2. I’m sorry. I do not have any answer now.

If you just have Parameters in your __init__, you don’t have to handle cuda assignments yourself.
Just remove the if torch.cuda.is_available code and your parameters will be registered correctly.
Also, .parameters() is a method, so you should call it like:

print(list(m.parameters()))

or

print(list(m.named_parameters()))

@ptrblck Thanks a lot. The parameters part is clear now. So if I do loss.backward(), all the parameters listed will update right?. What are the situations that I have to handle cuda assignments myself? (can you please share some links which explain this).

How can I run this model in multiple GPUs, do the following code work?

if torch.cuda.is_available:
    m=m.cuda()
    m = nn.DataParallel(m, device_ids=None)

If so, what modification I need to do in the get_embedding function to work in multiple gpus? (I mean what i need to put in place of .cuda(gpu_device). )

Thanks

You could get the device from your self.lstm1:

class MyModel(nn.Module):
    def __init__(self):
        super(MyModel, self).__init__()
        self.lstm1 = nn.LSTM(300, 1024, num_layers=1)
        
    def forward(self, x):
        x = self.get_embedding(x)
        return x
        
    def get_embedding(self, x):
        device = 'cpu'
        if next(self.lstm1.parameters()).is_cuda:
            device = 'cuda:' + str(next(self.lstm1.parameters()).get_device())
        print('Using device: {}'.format(device))
        hidden = (torch.randn(1, 1, 1024).to(device),
                  torch.randn(1, 1, 1024).to(device))
        for w_embed in x:
            self.lstm1.flatten_parameters()
            out, hidden = self.lstm1(w_embed.detach().view(1, 1, 300).to(device), hidden)
        return out


model = MyModel()
model = model.to(0)
model = nn.DataParallel(model, device_ids=[0, 1])

x = torch.randn(2, 300)
output = model(x)
print(output)

@ptrblck Is the to(device) is analogous to .cuda(device)? When I ran your code it says,MyModel object has no attribute to. I am using pytorch 0.3.

Thanks

It’s the same syntax, if you push your model to the GPU, but not if it should stay on the CPU.
If you are sure to use in on the GPU, you can just change it to .cuda(device).
Generally I would recommend updating to the current stable release (0.4.0).

hi ptrblck
I had one doubt regarding model.parameters
Assuming my model has got sequence which in turn is list of modules
0 Sequential(
(0): Conv2d(3, 16, kernel_size=(3, 3), stride=(1, 1), padding=(1, 1), bias=True)
(1): Relu()
(2): BatchNorm2d(16, eps=1e-05, momentum=0.1, affine=True, track_running_stats=True)
)
1
Sequential(
(0): Conv2d(3, 16, kernel_size=(3, 3), stride=(1, 1), padding=(1, 1), bias=True)
(1): Relu()
(2): BatchNorm2d(16, eps=1e-05, momentum=0.1, affine=True, track_running_stats=True)
)

In this case if i do
for i in model[0].parameters():
print(i)

How many time loop would be running 3 times (weight and bias of conv ,Batch norm parameters) or 4 times or more

If model[0] refers to the first nn.Sequential module, you’ll get 4 parameters:

• conv.weight
• conv.bias
• bn.weight
• bn.bias

Thanks so this would pull off only those which has got attr weights or bias ?
so We dont need to explicitly check using hasttr(m,‘weight’)?
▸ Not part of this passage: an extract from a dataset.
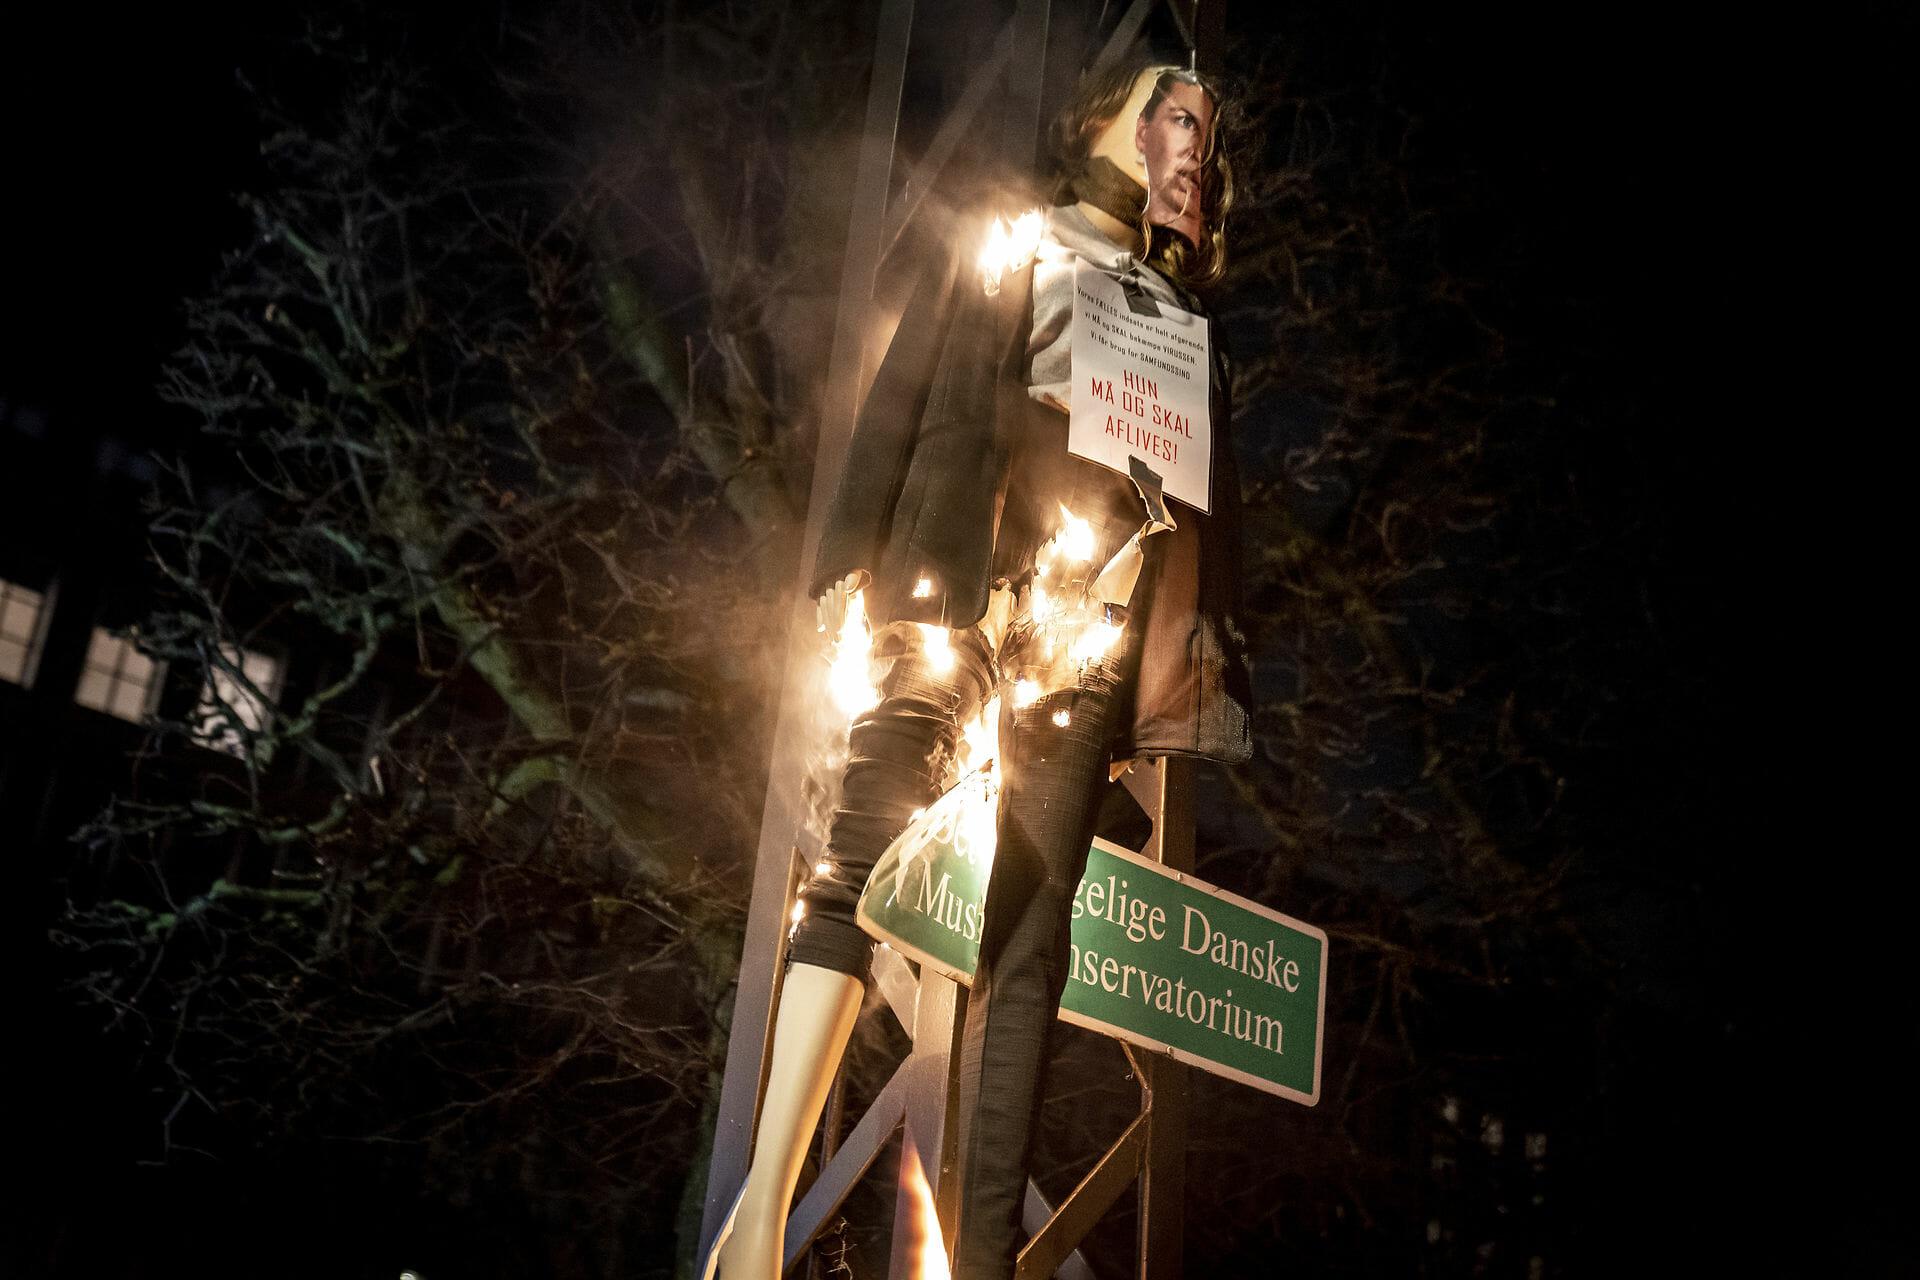 Foto af dukke af statsminister på Facebook fører til politisigtelse

2. secondly i had got one more q with regard to the weights ,what is diff between m.weights and m.weights.data ?

No, model.parameters() will list all registered parameters. E.g. if you are using a custom module and assign a parameter as

self.my_param = nn.Parameter(torch.randn(1))
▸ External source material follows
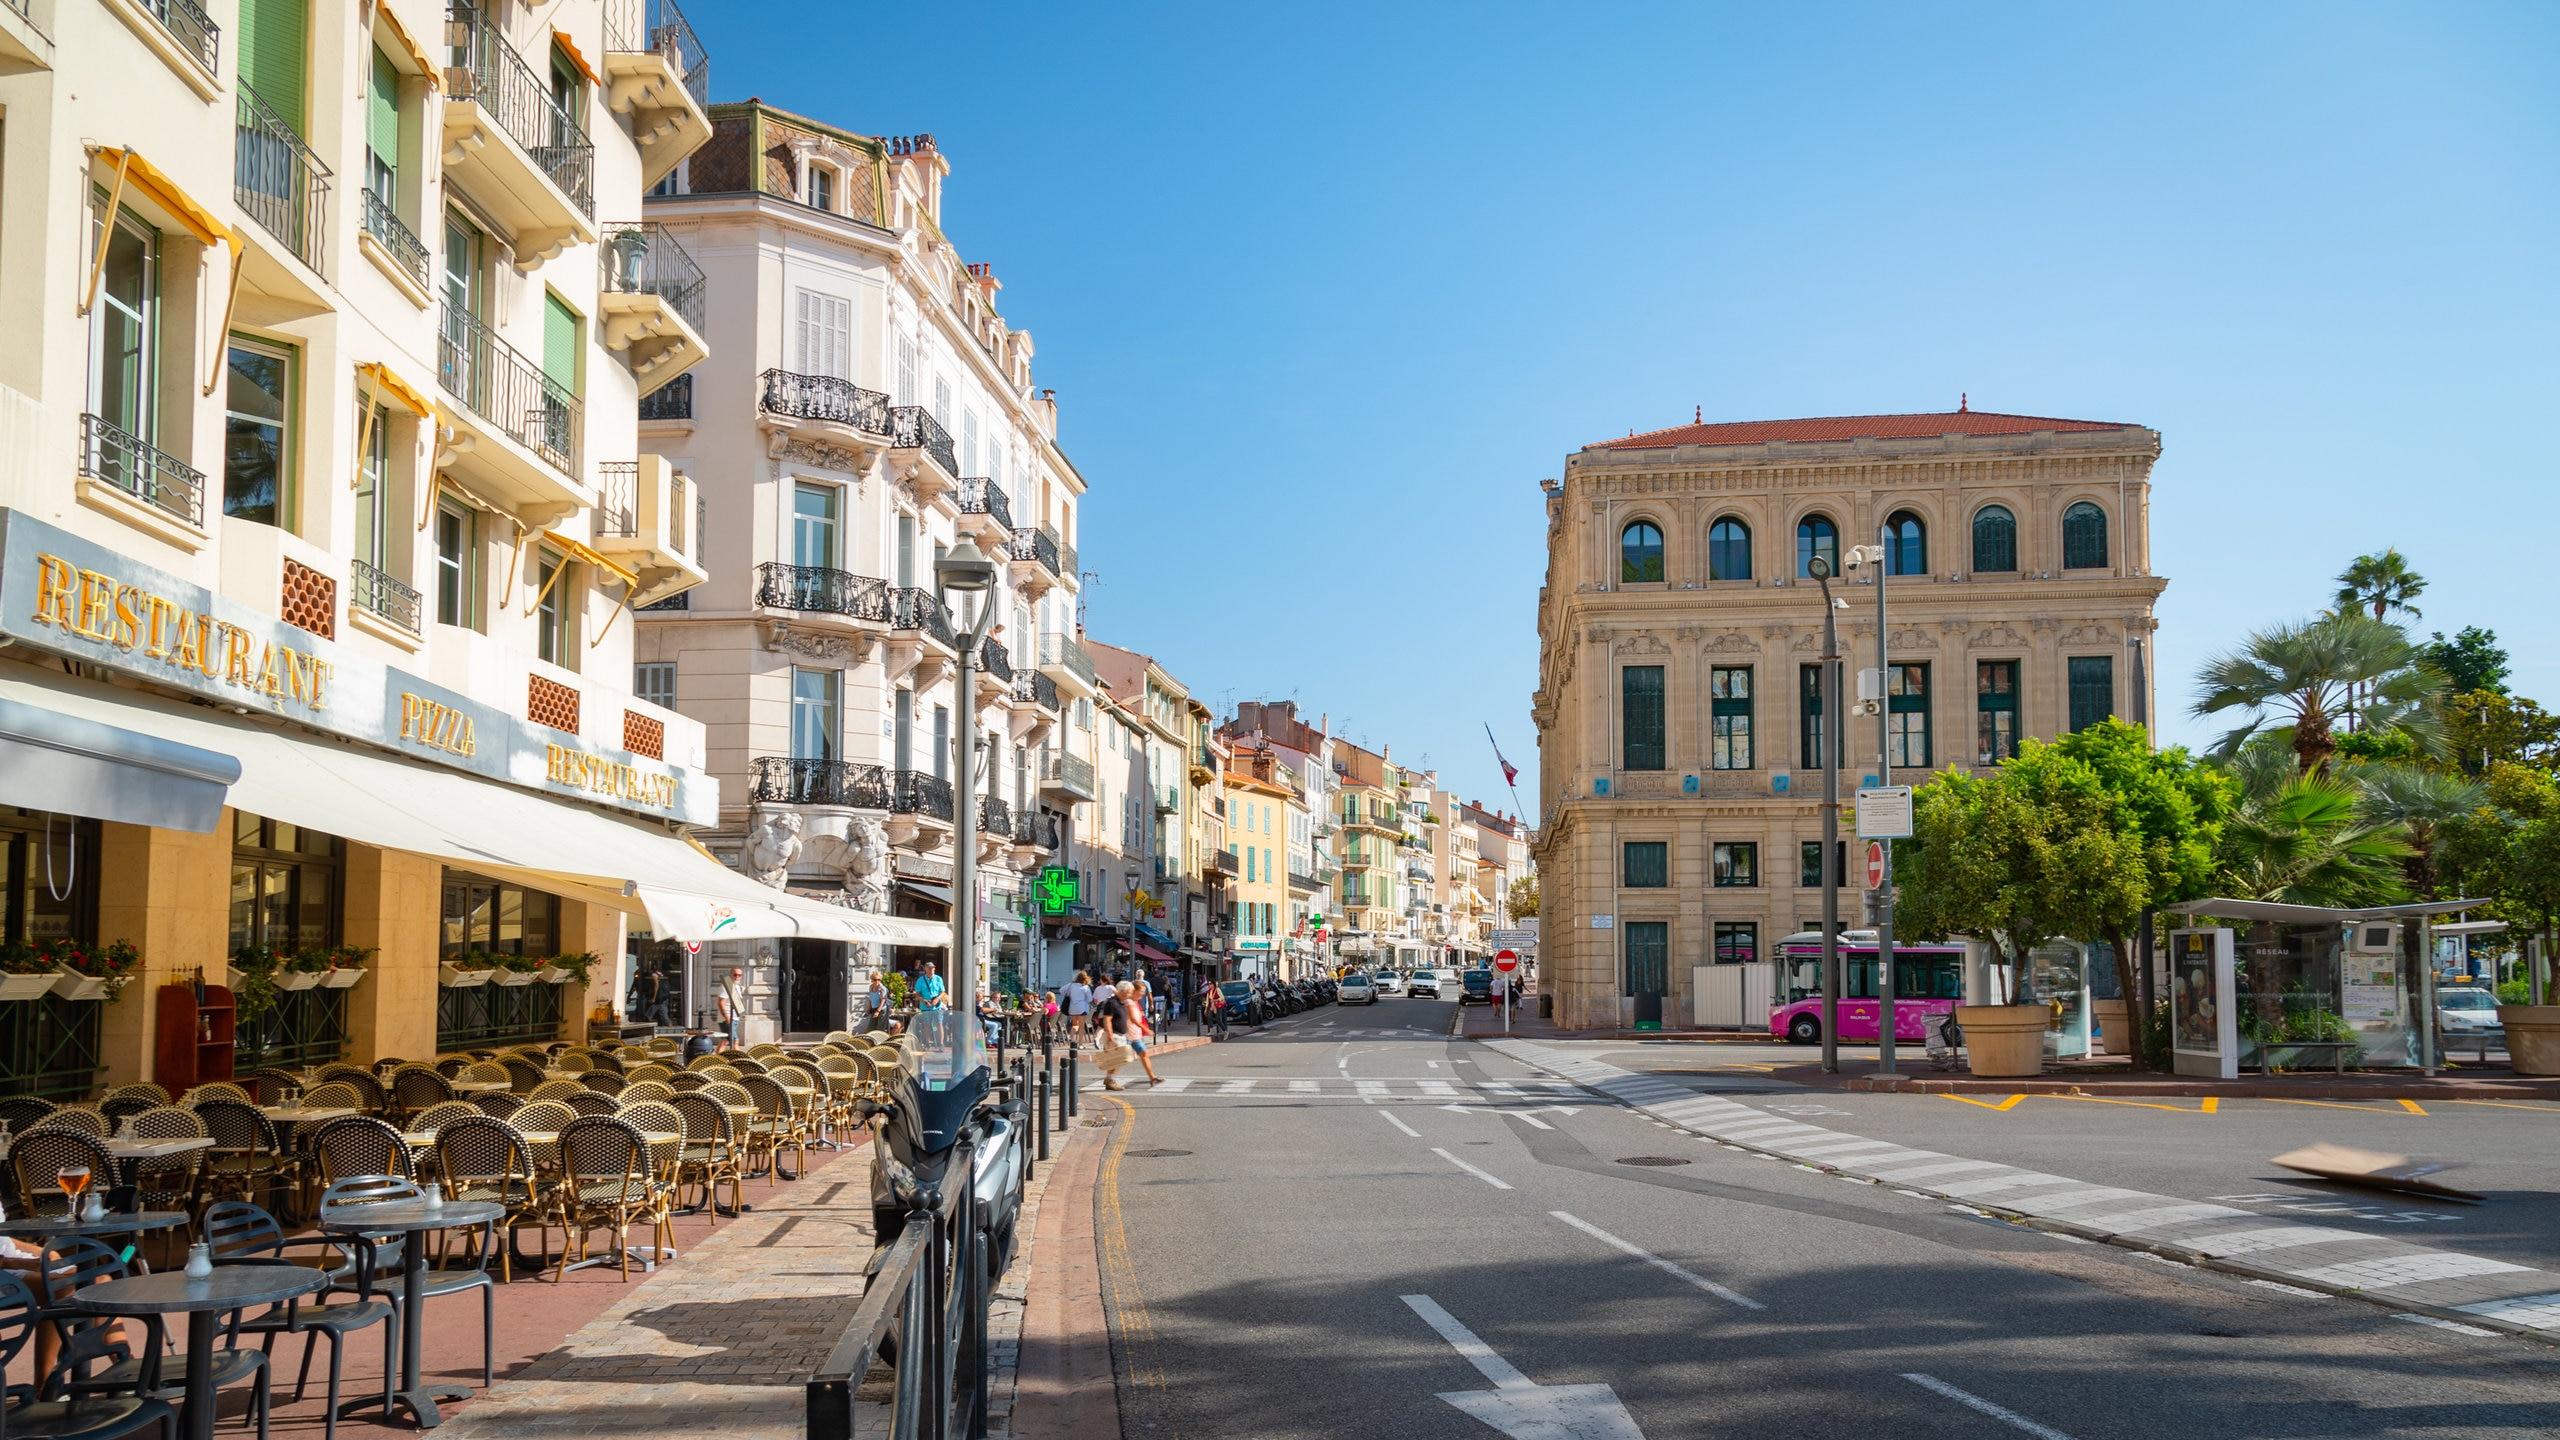 Le Suquet, Cannes, Alpes-Maritimes, France

it will also be listed in model.parameters().

What is your use case that you would like to check, if the module has weight as a parameter?

weight.data refers to the underlying data tensor. If you manipulate it, Autograd won’t be able to track this operation, which might result in wrong calculations. Therefore I would recommend to avoid using the .data attribute.

What will be registered in the model.parameters().
As far as now, what I know are as belows:

conv: weight, bias
bn: weight bias
nn.Parameter()

are there something else?
Thank you in advance.

Hello, Mr.Ptrblck.
When I used print(list(m.named_parameters())) in my code, I still can not get the learnable parameters: threshold. Could you give me any suggestion? Thanks a lot.
Below is my code:

class Surrogate_BP_Function(torch.autograd.Function):
    @staticmethod
    def forward(ctx, input):
        ctx.save_for_backward(input)
        out = torch.zeros_like(input).cuda()
        out[input > 0] = 1.0
        return out

    @staticmethod
    def backward(ctx, grad_output):
        input, = ctx.saved_tensors
        grad_input = grad_output.clone()
        grad = grad_input * 0.3 * F.threshold(1.0 - torch.abs(input), 0, 0)
        return grad

class SNN_VGG9_BNTT(nn.Module):
    def __init__(self, num_steps, leak_mem=0.95, img_size=32,  num_cls=10):
        super(SNN_VGG9_BNTT, self).__init__()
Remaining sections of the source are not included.